I have a string like this
$string = "Hello; how are you;Hey, I am fine";
$new = preg_split("/;\w/", $string);
print_r($new);
I am trying to split the string only when there is no white-space between the words and ";". But when I do this, I lose the H from Hey. It's probably because the split happens through the recognition of ;H. Could someone tell me how to prevent this?
My output:
$array = [
0 => [
0 => 'Hello; how are you ',
1 => 0,
],
1 => [
0 => 'ey, I am fine',
1 => 21,
],
]
You might use a word boundary \b
:
$string = "Hello; how are you;Hey, I am fine";
$new = preg_split("/\b;\b/", $string);
print_r($new);
Or a negative lookahead and negative lookbehind
You are capturingthe \w
in your regex.You dont want that. Therefore, do this:
$new = preg_split("/;(?=\w)/", $string);
A capture group is defined in brackets, but the ?= means match but don't capture.

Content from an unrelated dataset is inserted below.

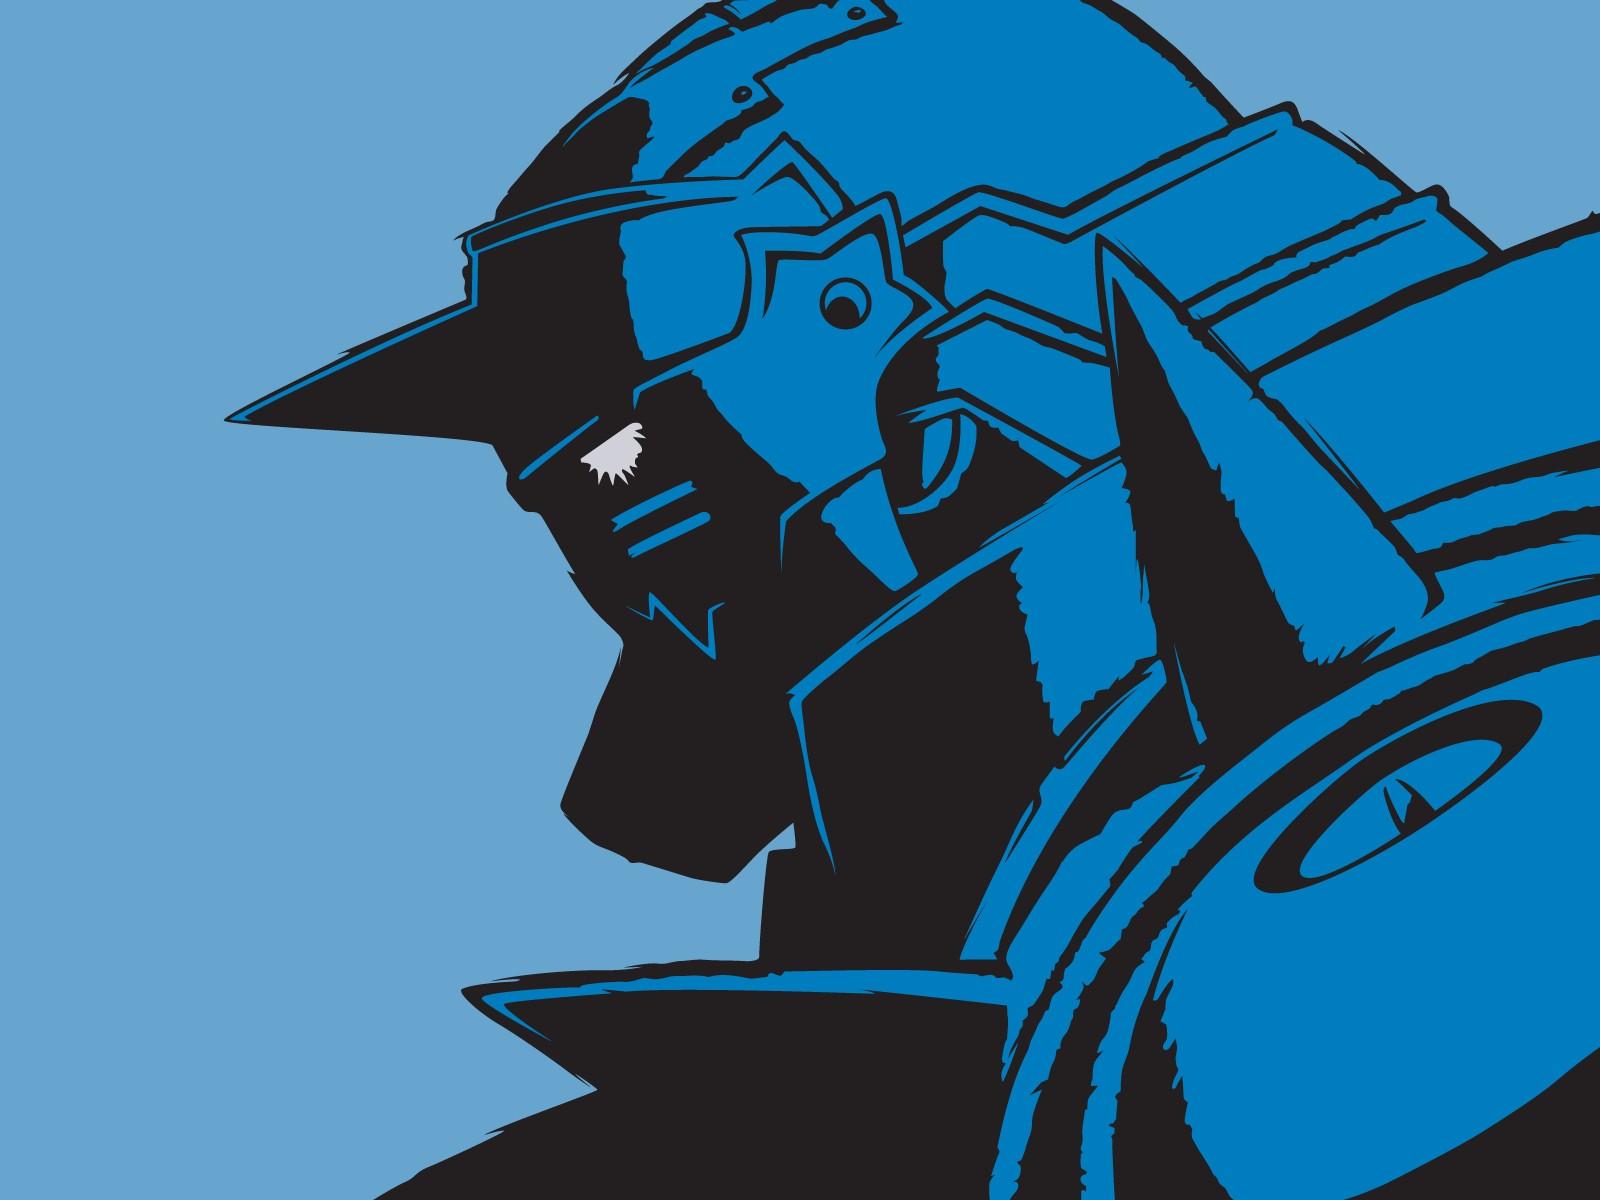 Drawing Illustration Minimalism Cartoon Armor Full Metal Alchemist Elric Alphonse ART Sketch

Check it out here https://3v4l.org/Q77LZ
Use split with this regex ;(?=\w)
then you will not lose the H
Lookarounds cost more steps. In terms of pattern efficiency, a word boundary is better and maintains the intended "no-length" character consumption.

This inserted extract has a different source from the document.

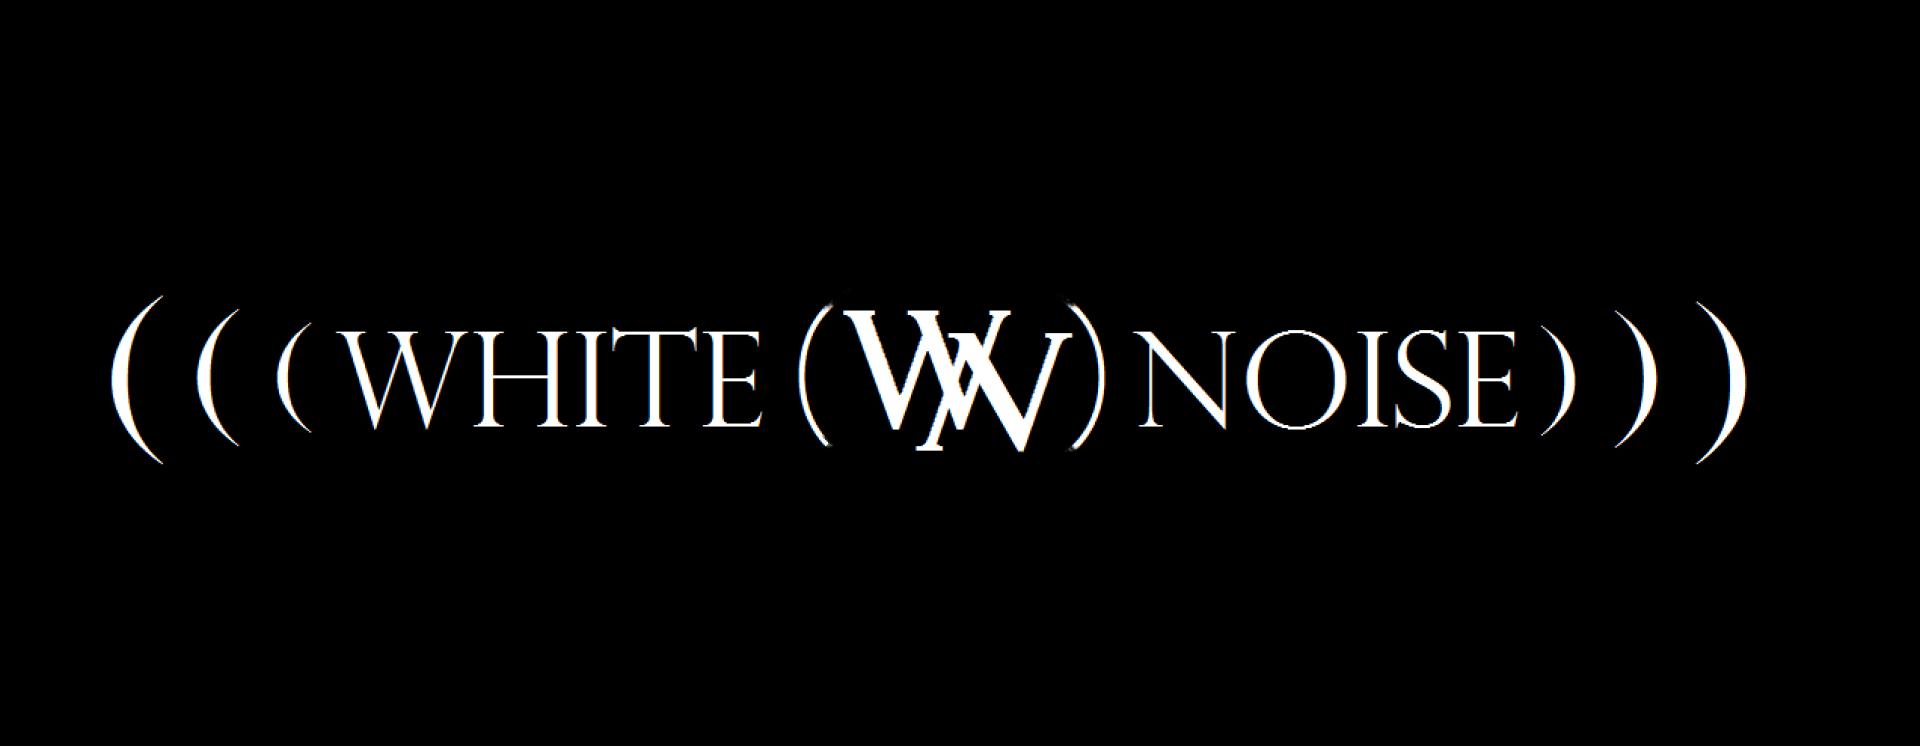 White noise copy

In well-formed English, you won't ever have to check for a space before a semi-colon, so only 1 word boundary seems sufficient (I don't know if malformed English is possible because it is not represented in your sample string).

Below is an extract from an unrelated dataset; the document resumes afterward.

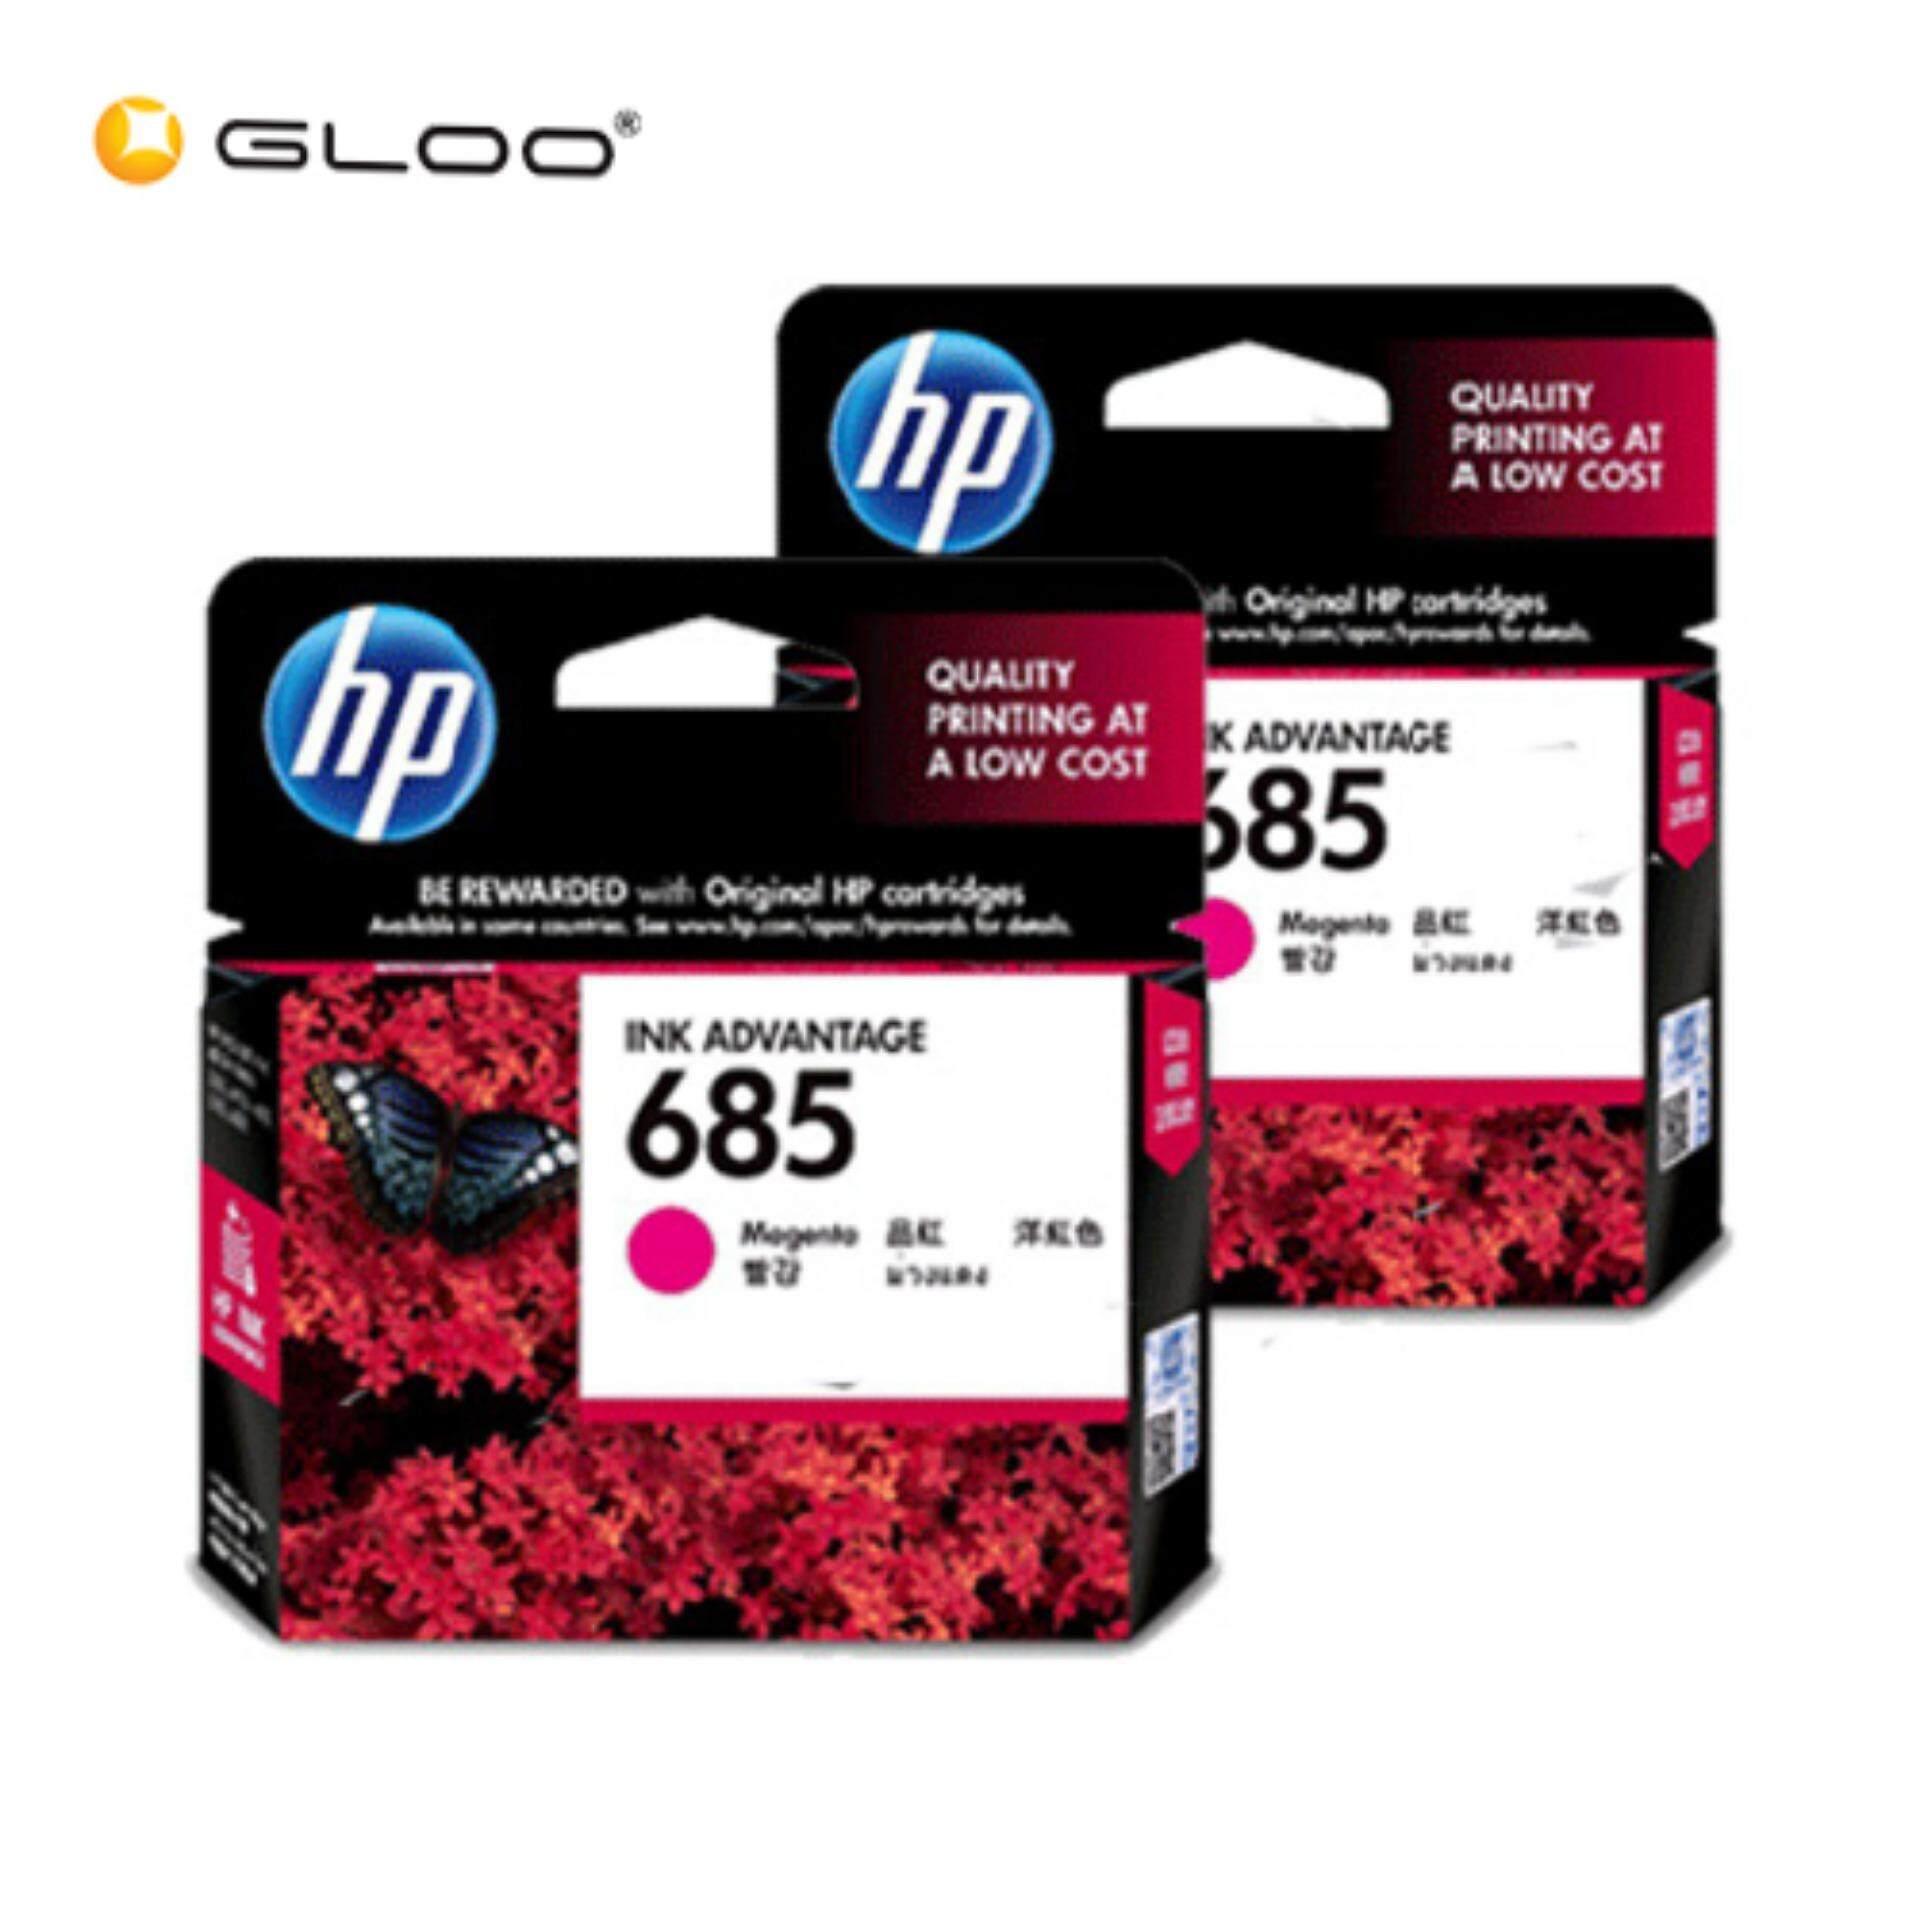 [2 Units] HP 685 Magenta Original Ink Advantage Cartridge CZ123AA

If you want to acquire the offset value, preg_split()
has a flag for that.
Code: (Demo)
$string = "Hello; how are you;Hey, I am fine";
$new = preg_split("/;\b/", $string, -1, PREG_SPLIT_OFFSET_CAPTURE);
var_export($new);
Output:
array (
0 =>
array (
0 => 'Hello; how are you',
1 => 0,
),
1 =>
array (
0 => 'Hey, I am fine',
1 => 19,
),
)